Premiere des zweiten deutschen Wettbewerbsbeitrages - Yella
Mit viel Spannung und auch Vorfreude wurde die Premiere des zweiten deutschen Wettbewerbsbeitrages, der den kurzen Titel "Yella" trägt, erwartet. Für Hauptdarsteller Devid Striesow war es bereits der zweite Auftritt auf dem roten Teppich, denn er befand sich auch schon für den Film "Die Fäscher" unter den Ehrengästen, die über den "Teppich der die Welt bedeutet" flanieren durften. Zu ihm gesellten sich seine Filmpartner Nina Hoss und Hinnerk Schönemann, sowie der Regisseur des Films Christian Petzold. Besonders die Fotographen stürzten sich wie die "Geier" auf die deutschen Stars, was den Lärmpegel am Marlene-Dietrich-Platz einmal mehr in die Höhe schnellen ließ.

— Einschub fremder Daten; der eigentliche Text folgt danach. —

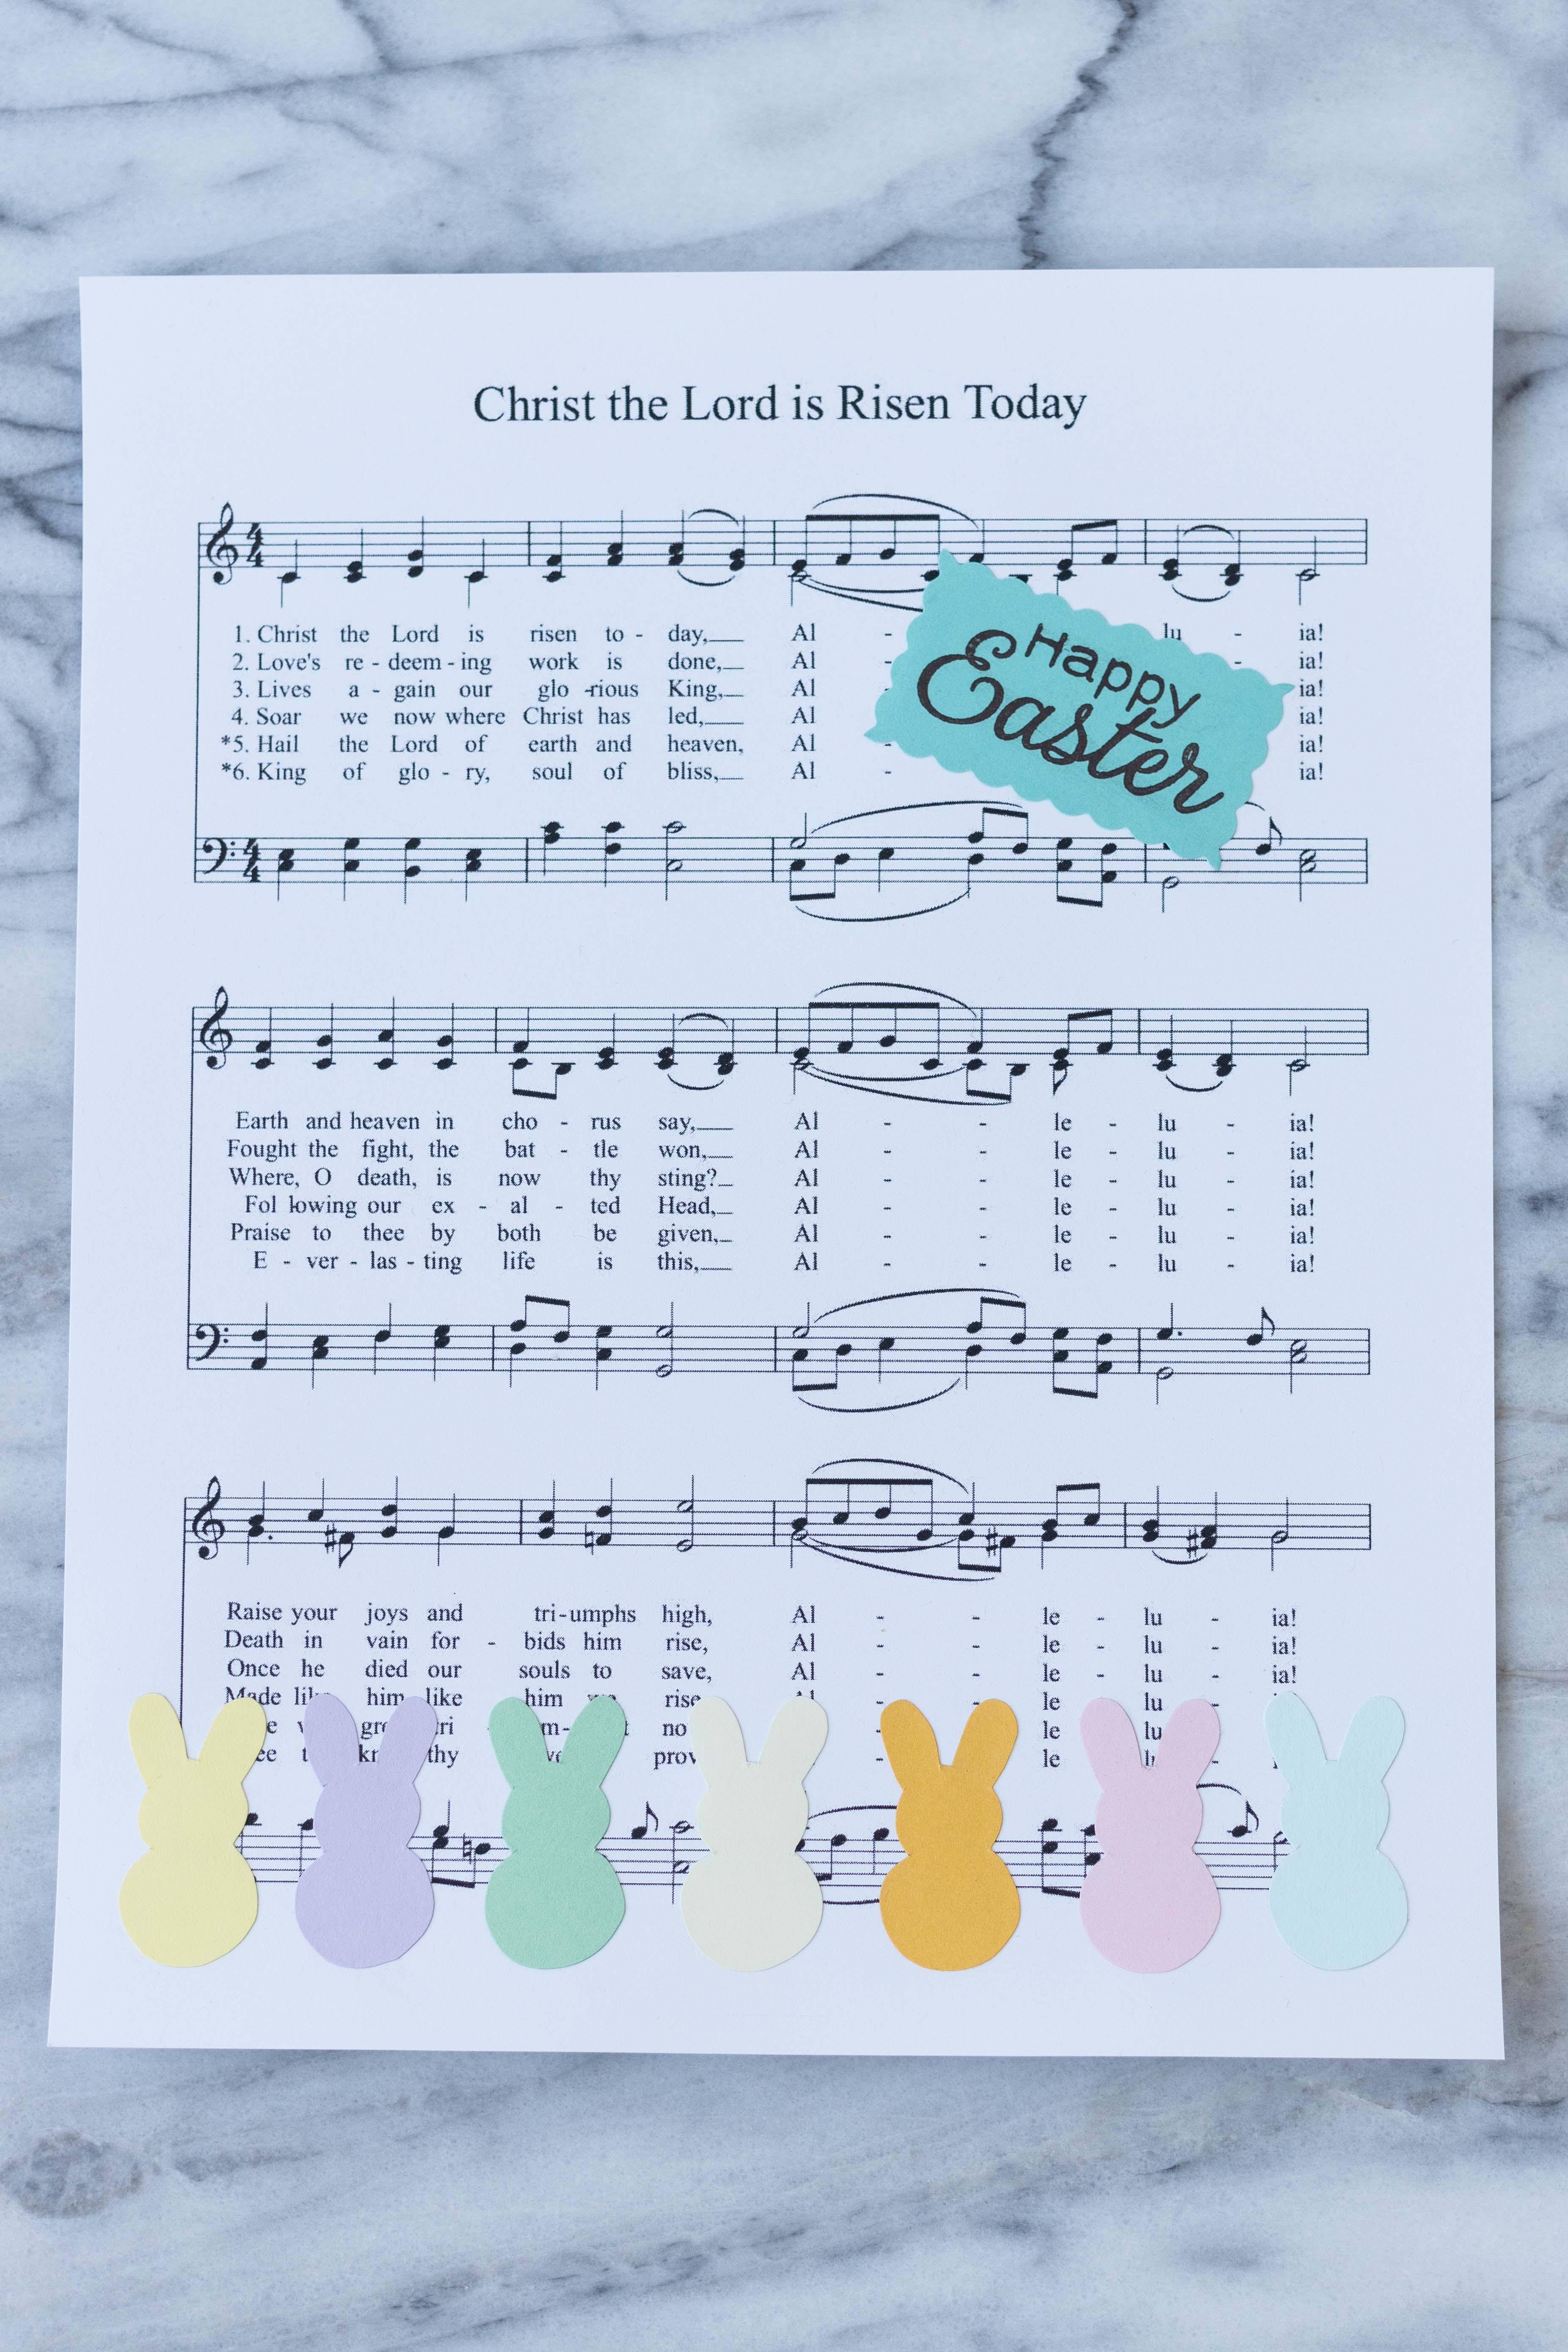 DIY Easter sheet music wall decor in progress! #Easter #DIY #sheetmusic | https://www.roseclearfield.com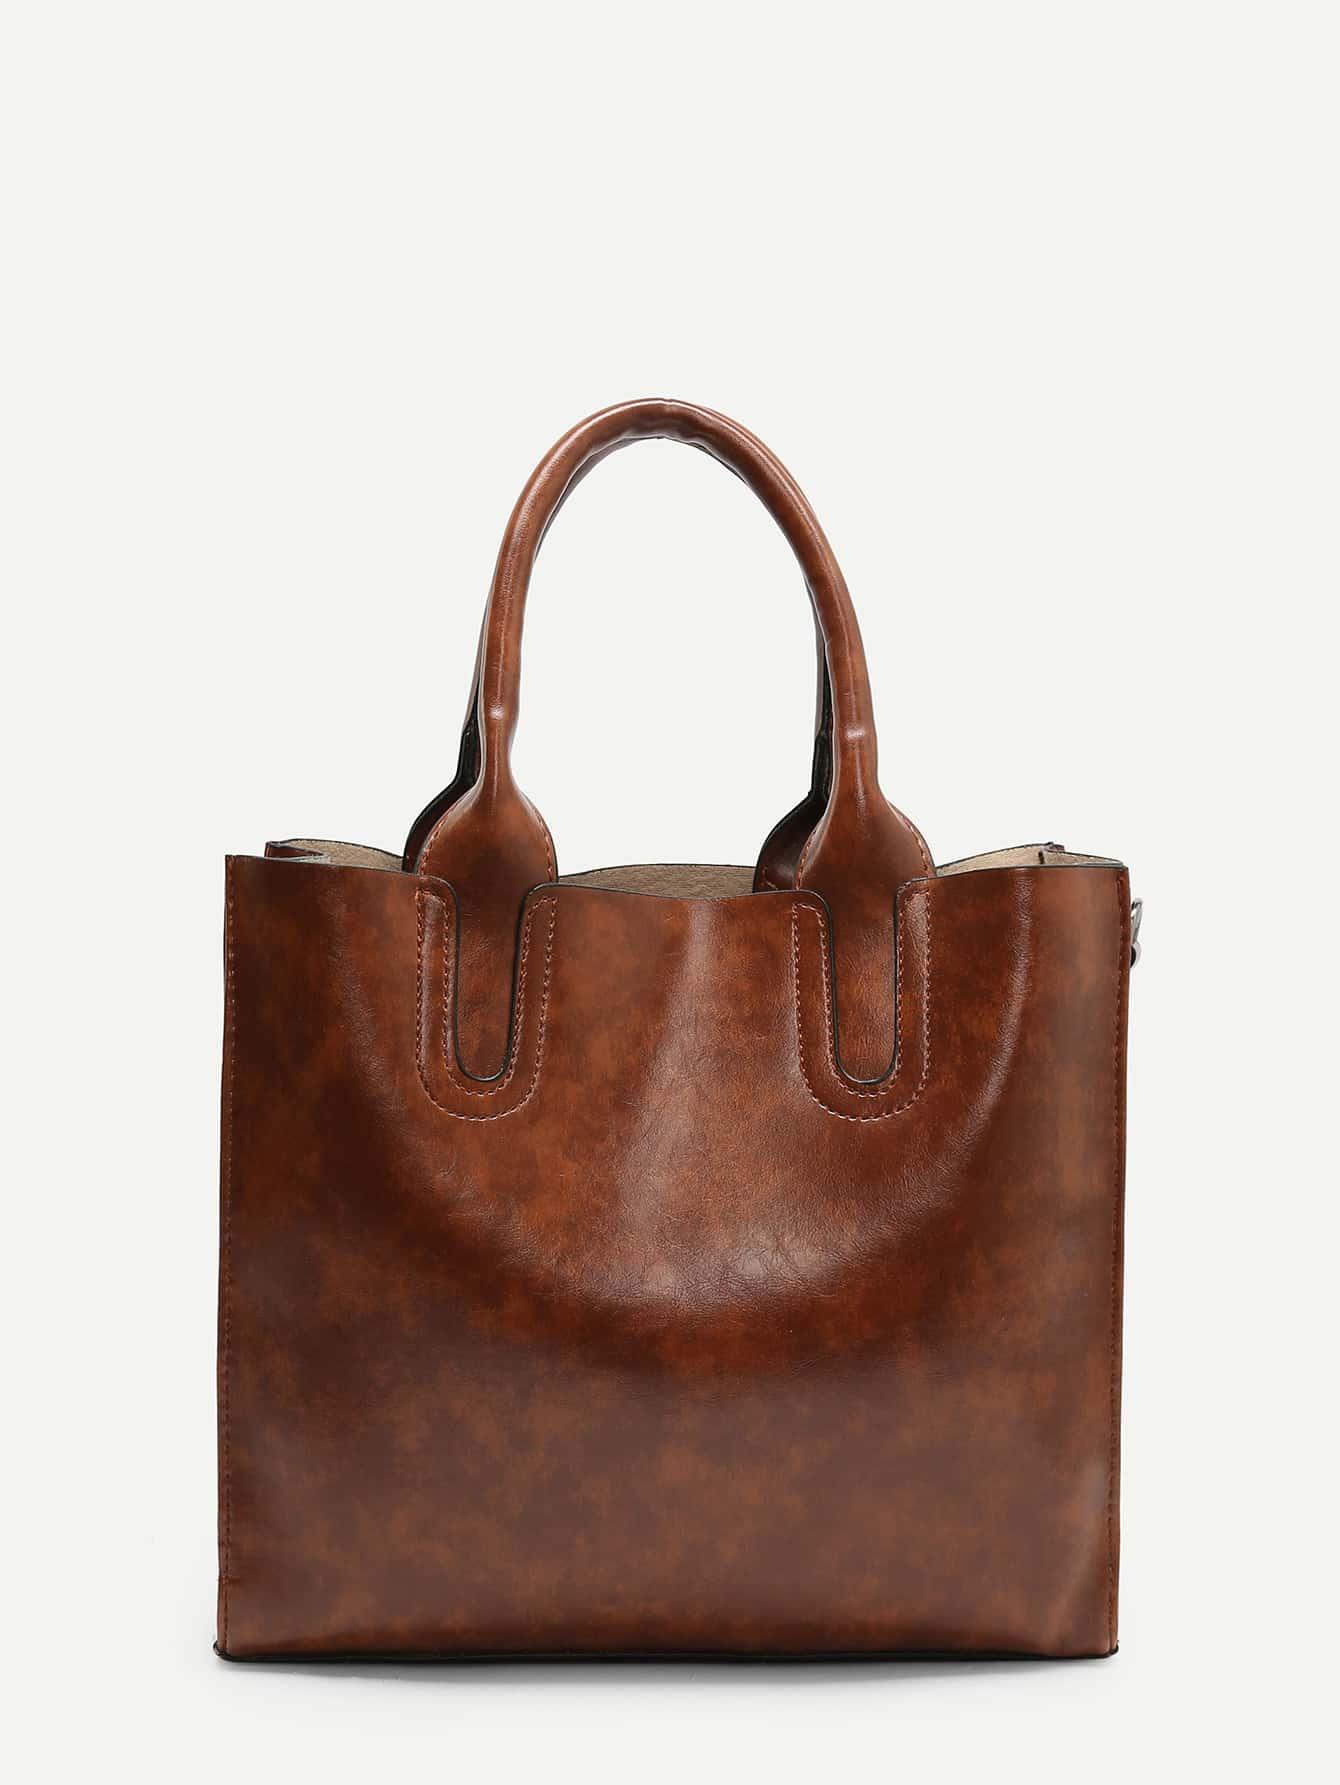 3 Pcs Work Style Handbag Sets

Nun noch einige Worte zum Film. Yella, die Hauptperson, nach der der Film benannt ist, ist eine Frau, die ihre alte Heimat in Ostdeutschland mit all ihren Problemen hinter sich lassen will, um im Westen des Landes noch einmal von vorne anzufangen. Ein neuer Mann tritt schon bald in ihr Leben, doch auch die Vergangenheit holt sie immer wieder ein und bedroht ihren Traum.
Ob der Film im Vergleich zu Beiträgen wie "Irina Palm" oder "Goodbye Bafana" eine Chance im Kampf um den Goldenen Bären hat ist jedoch eher zu bezweifeln.